The faerie spread his wings suddenly and, with an angry buzz, shot straight into the air, leaving a luminous wake like a rocket. Pausing at the apex of his trajectory for a dramatic moment, he plummeted directly at her, flaming like a meteor. She tried not to flinch as he came to a halt scarce inches from where she sat, his great wings fanning her hair, but she was not entirely successful. He smelled like cinnamon.

“Just what do you think that you can do to stop me?” he laughed. “You’re part of my kingdom now, little more than an insect in your own world, less than a faerie in my own, as helpless and powerless as a naked slug. You have already succumbed to my power, almost succumbed completely, and that was only the merest trifle, a bagatelle, a whim. Can you do this?” he said as he raised himself on a whirlwind of flashing wings. “Or this?” as he drew arcane figures of colored light in the air, as though his fingertips were roman candles or white-hot irons that sizzled through the air as though it were paper. “Or this?” he said as he clutched at the atmosphere that sparkled between them and she felt something clench within her, something below her navel, something that huddled, something that writhed, something that was wrung like a sponge, something that heated within her as though the faerie had just fanned a smoldering coal.

“No, but I can do this!” she retorted, shocked, angry, and, shooting out a leg as long and straight as a pool cue, kicked the faerie in his stomach. The nearly weightless creature somersaulted, landing in the moss as a tangle of limbs and wings, sparking and fizzing like a damp firecracker. He clambered back to his feet, throwing his wings to the left and right like an impresario flamboyantly arranging his capes, but with less successful grace or dignity, and hissed at her: “Oh! you shall regret that, human!”

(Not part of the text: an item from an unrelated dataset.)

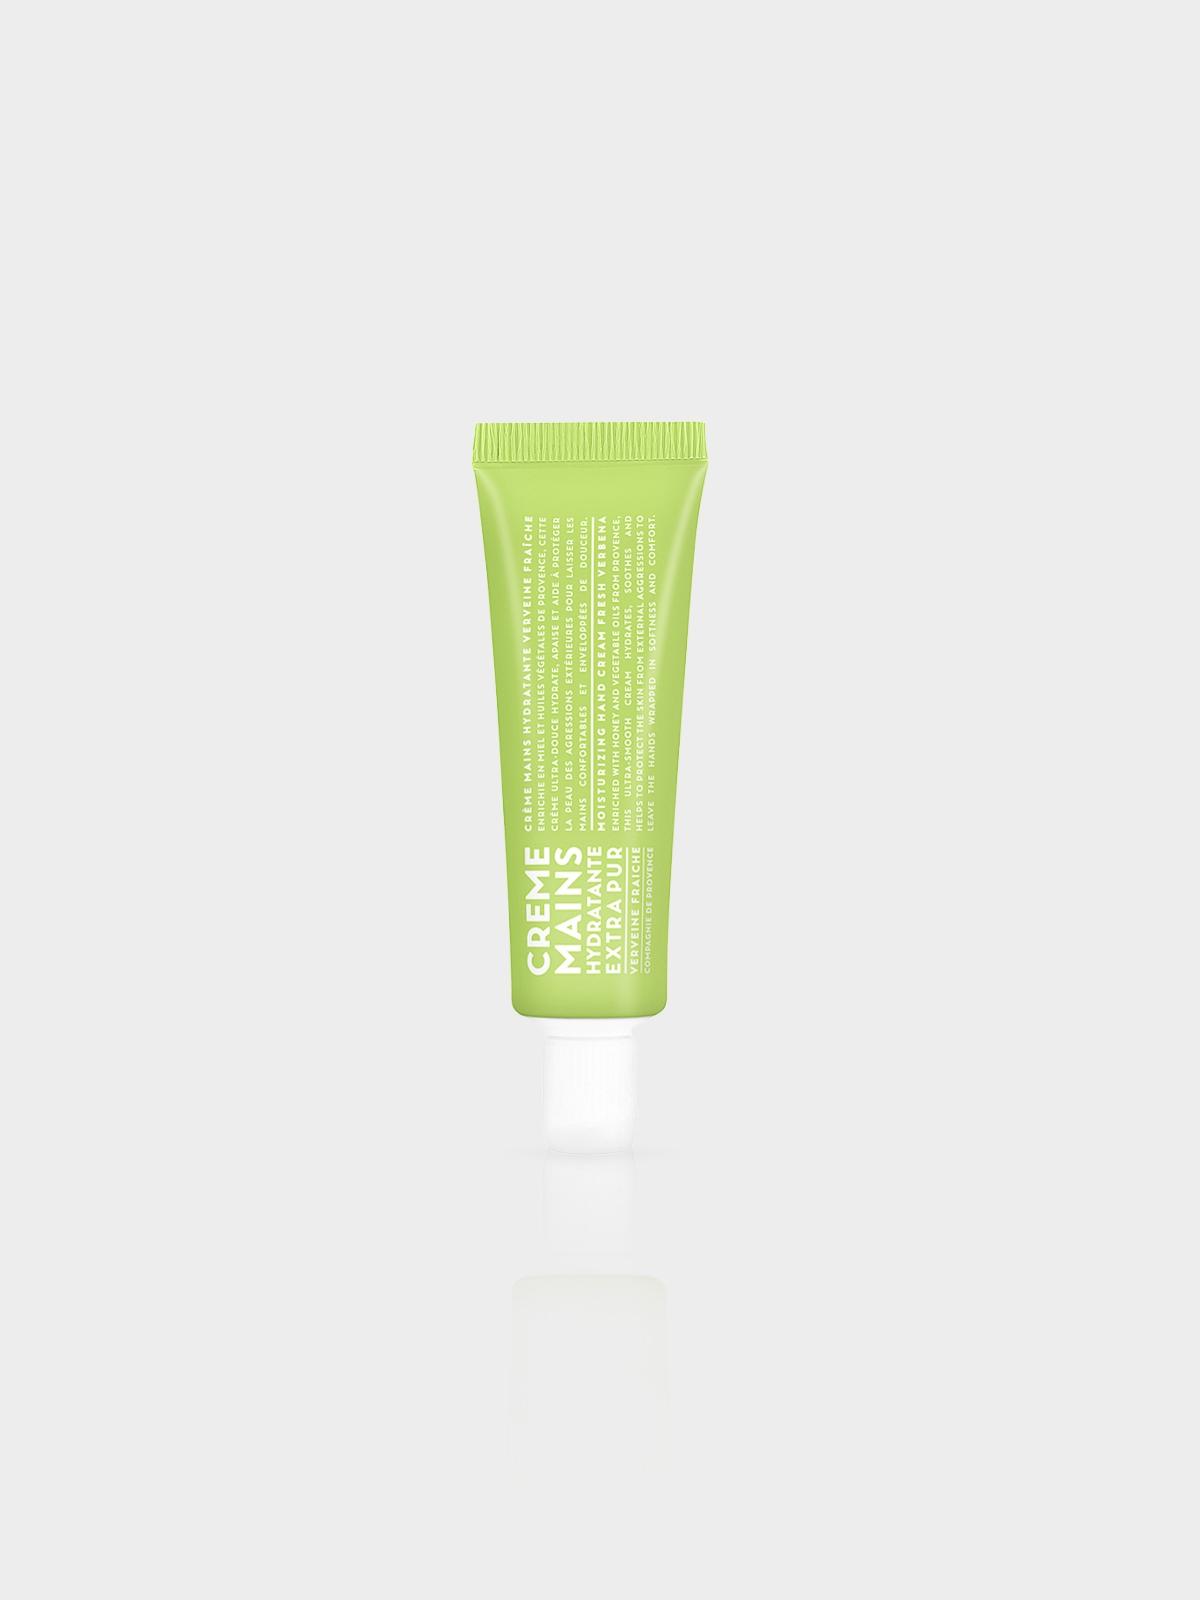 COMPAGNIE DE PROVENCE Hand Cream 30 ml FRESH VERBENA

“I suppose you would think so. We’ll just have to see.” She hopped down from the mushroom, slapping spores from her buttocks, and took a step toward Hod Tawley who, she was gratified to see, flinched a little, though he bravely stood his ground. “Since we’re getting personal,” she continued, “you may as well know that as far as I’m concerned, you’re a miserably ignorant little insect that I’d swat without a moment’s thought or hesitation if I found you buzzing around my room. At the present, I admit that you have something of an advantage over me, but I’ll only go so far as to accept it as a momentary inconvenience.”

“Inconvenience!
I’ll show you inconvenience!”

Rykkla had scarcely a moment to consider whether she had perhaps gone a bit too far when there was a flash of light, a thump to her chest that knocked the wind from it along with a dizzying rush of sound, she felt like a concertina that had just been stepped upon. Once her senses cleared, she realized that there had been a change in venue. She was no longer beneath the grassy arches but instead in a kind of amphitheater, a mossy hollow that, so far as she could tell, might have been only a few feet across. It was night and the sky was laced with meteors.

Rykkla was lying across a smooth, cool stone in the center of a grotto, -like a kind of altar. She raised herself to one elbow, but seemed to be powerless to do more; not that she lacked the strength, but there seemed to be an odd kind of resistance that pressed back the harder she tried to move against it, as though she were imbedded in aspic.